DATA EXCERPT =
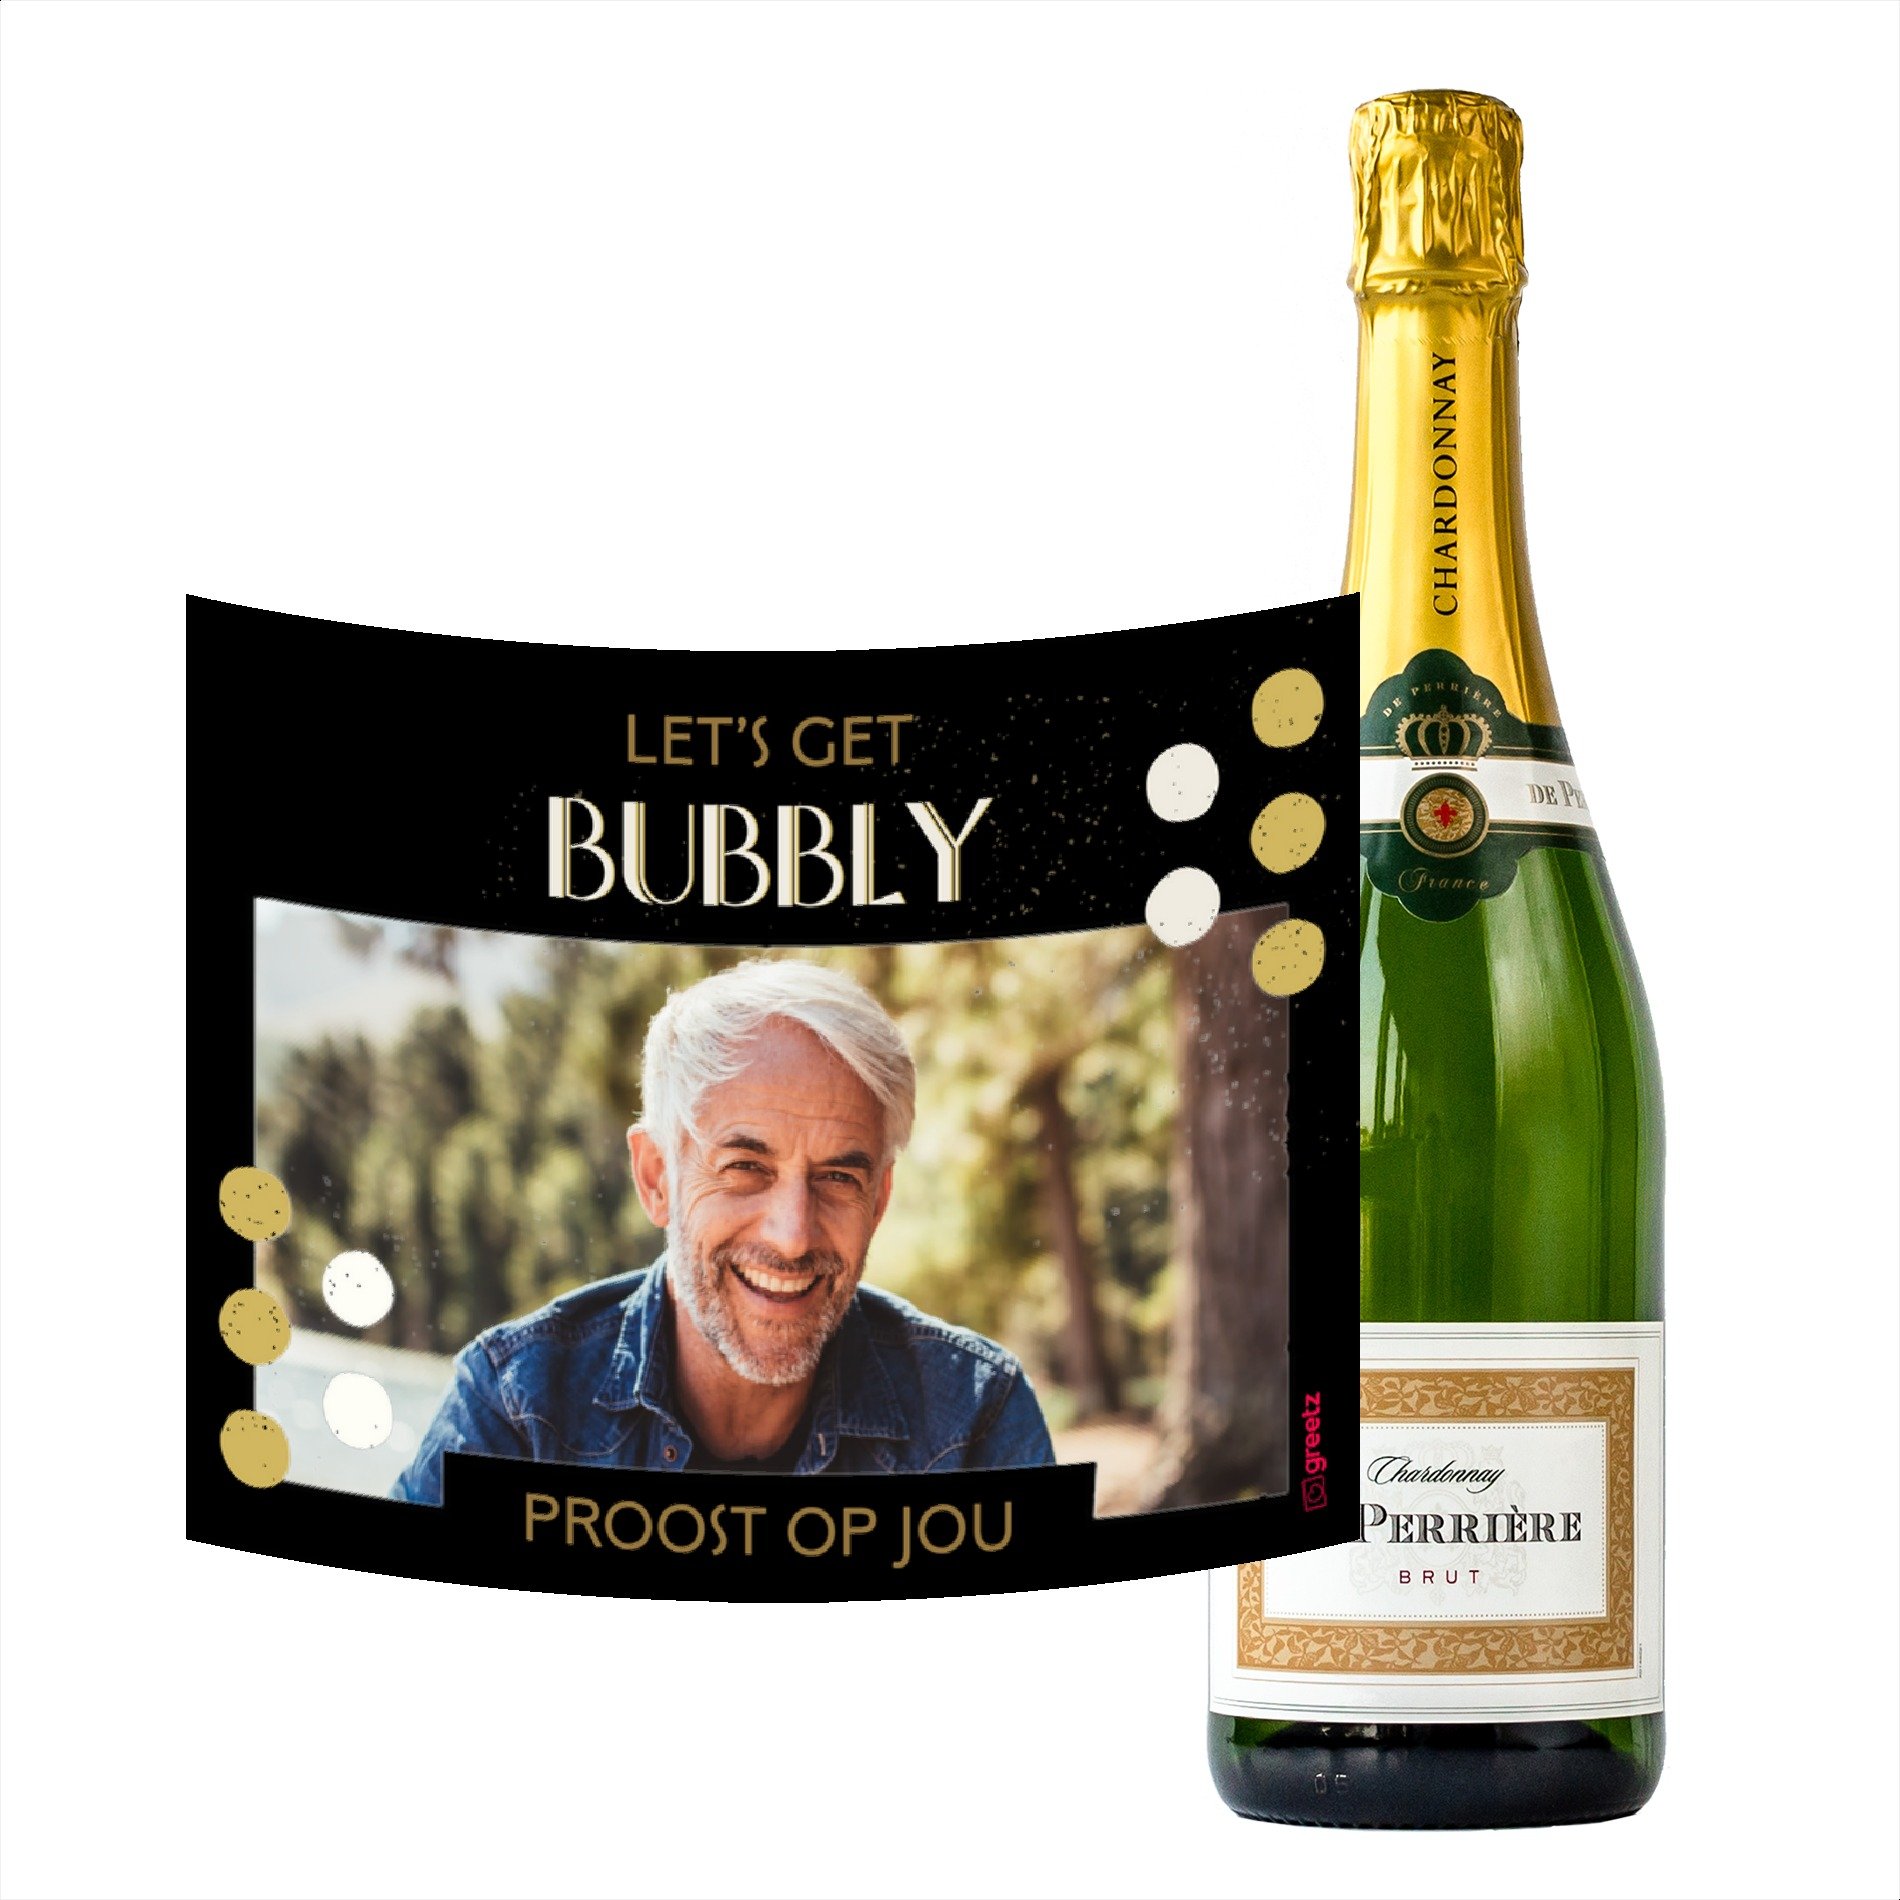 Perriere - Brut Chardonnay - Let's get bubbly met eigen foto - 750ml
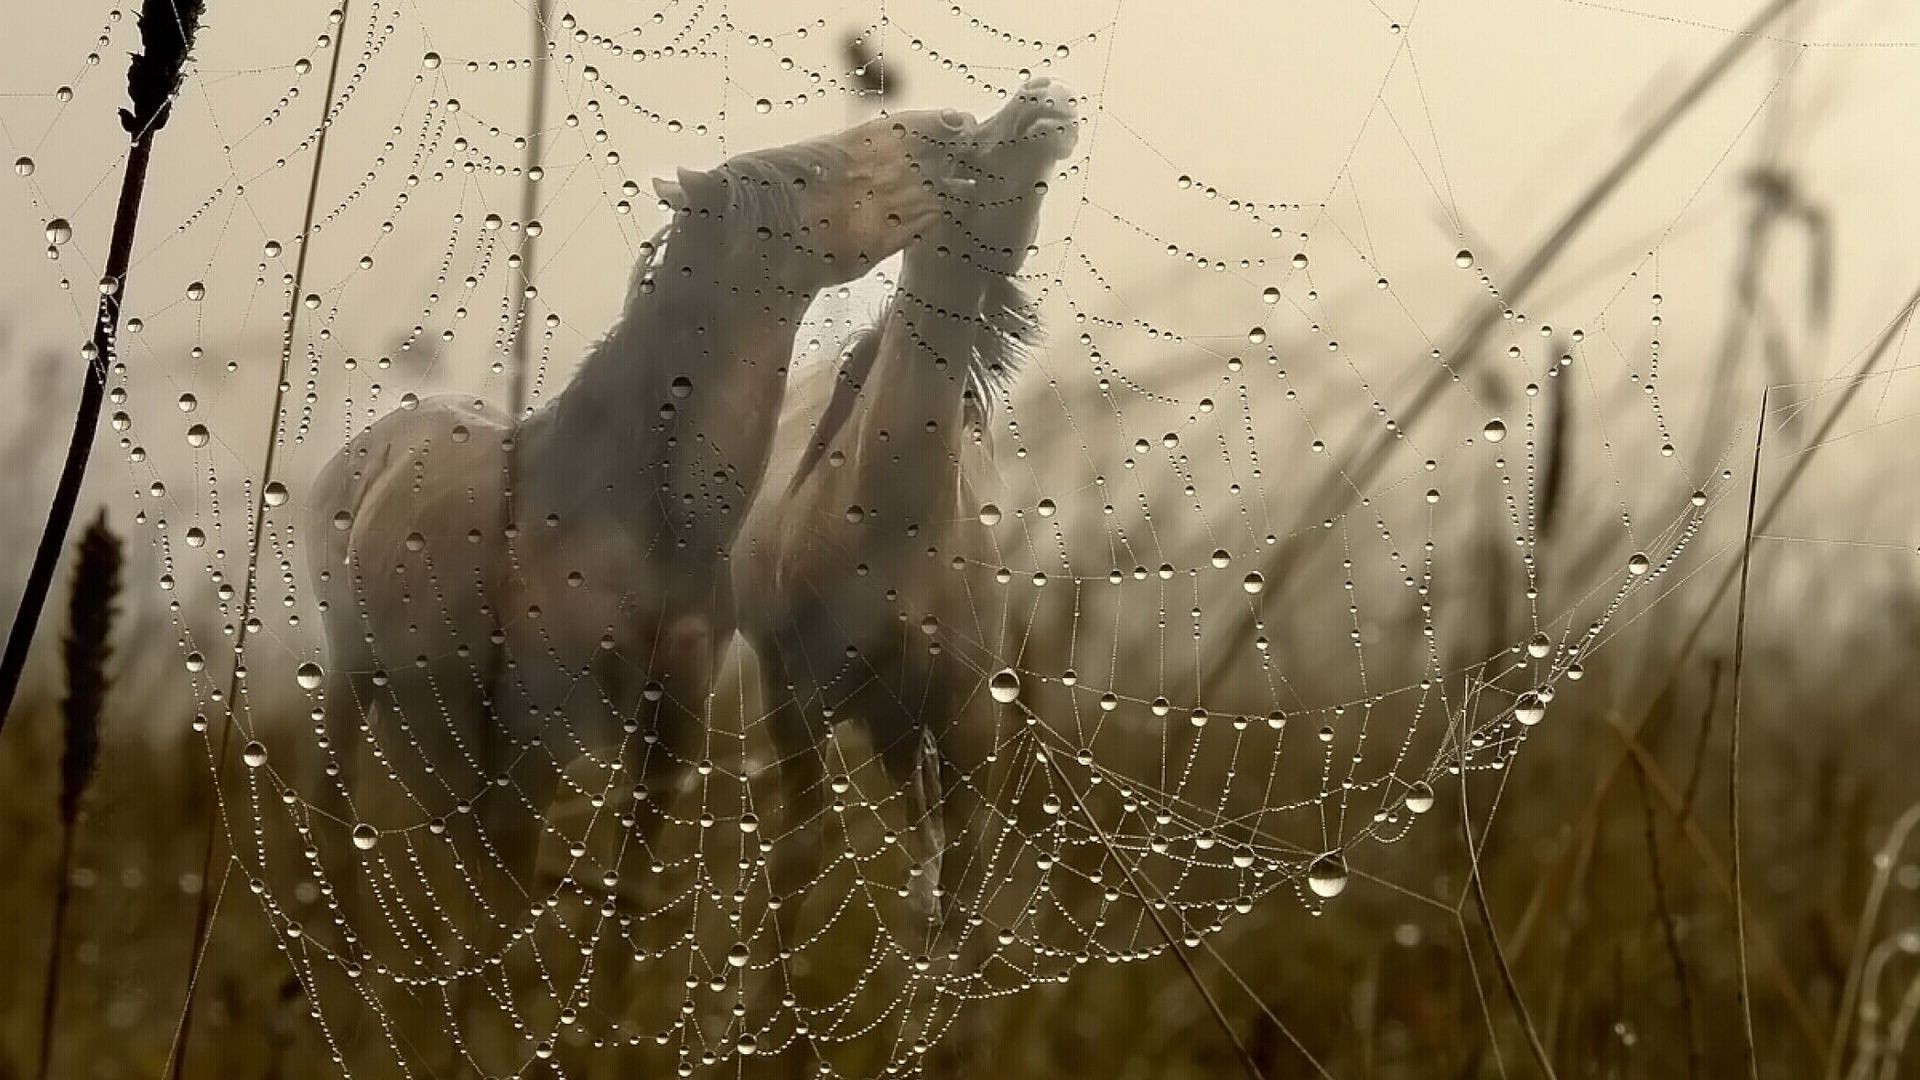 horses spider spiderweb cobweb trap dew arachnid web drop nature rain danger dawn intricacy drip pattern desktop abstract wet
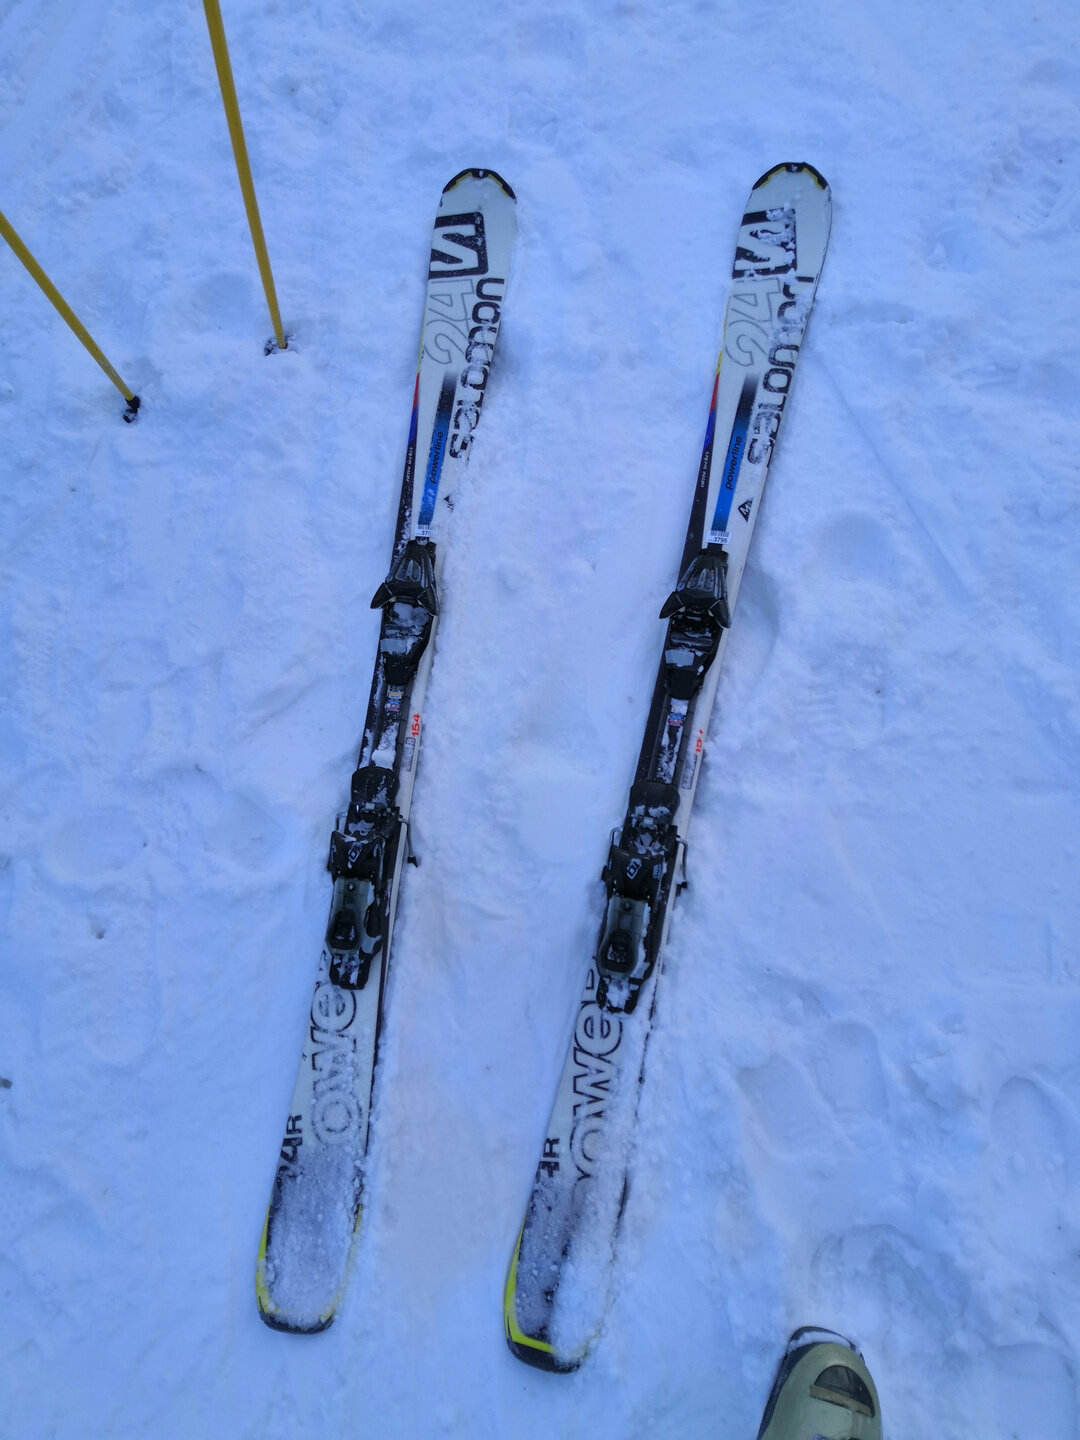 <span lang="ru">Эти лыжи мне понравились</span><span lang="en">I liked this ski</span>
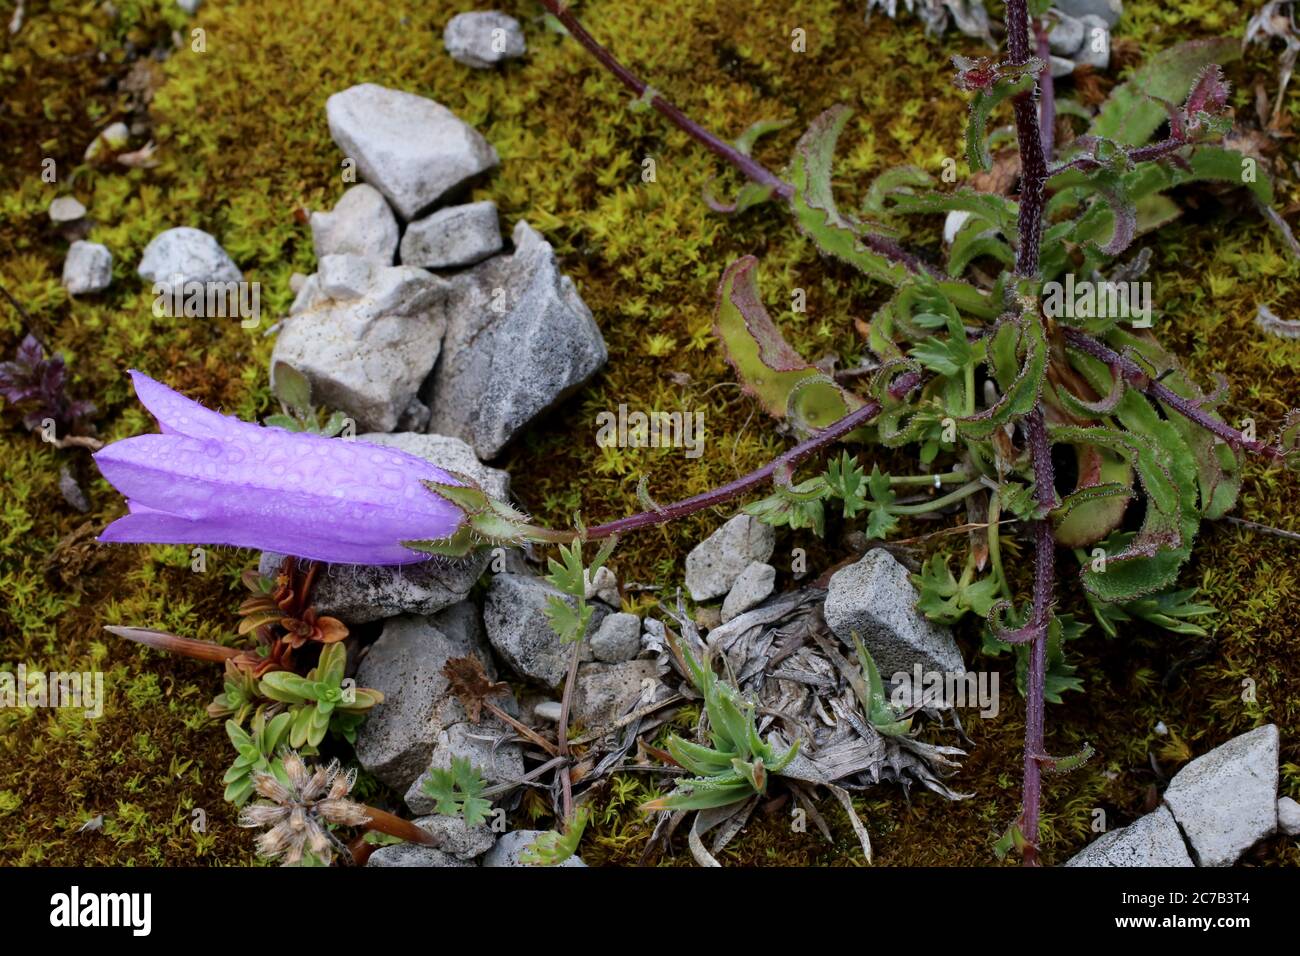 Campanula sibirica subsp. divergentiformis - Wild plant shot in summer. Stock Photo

REQUIRED ACTION = Set down again, exactly, the lines of the material above from its first line to the one with "liked this ski</span>", inclusive. Leave the pictures out.

ANSWER TO THIS PROBLEM =
 Perriere - Brut Chardonnay - Let's get bubbly met eigen foto - 750ml
 horses spider spiderweb cobweb trap dew arachnid web drop nature rain danger dawn intricacy drip pattern desktop abstract wet
 <span lang="ru">Эти лыжи мне понравились</span><span lang="en">I liked this ski</span>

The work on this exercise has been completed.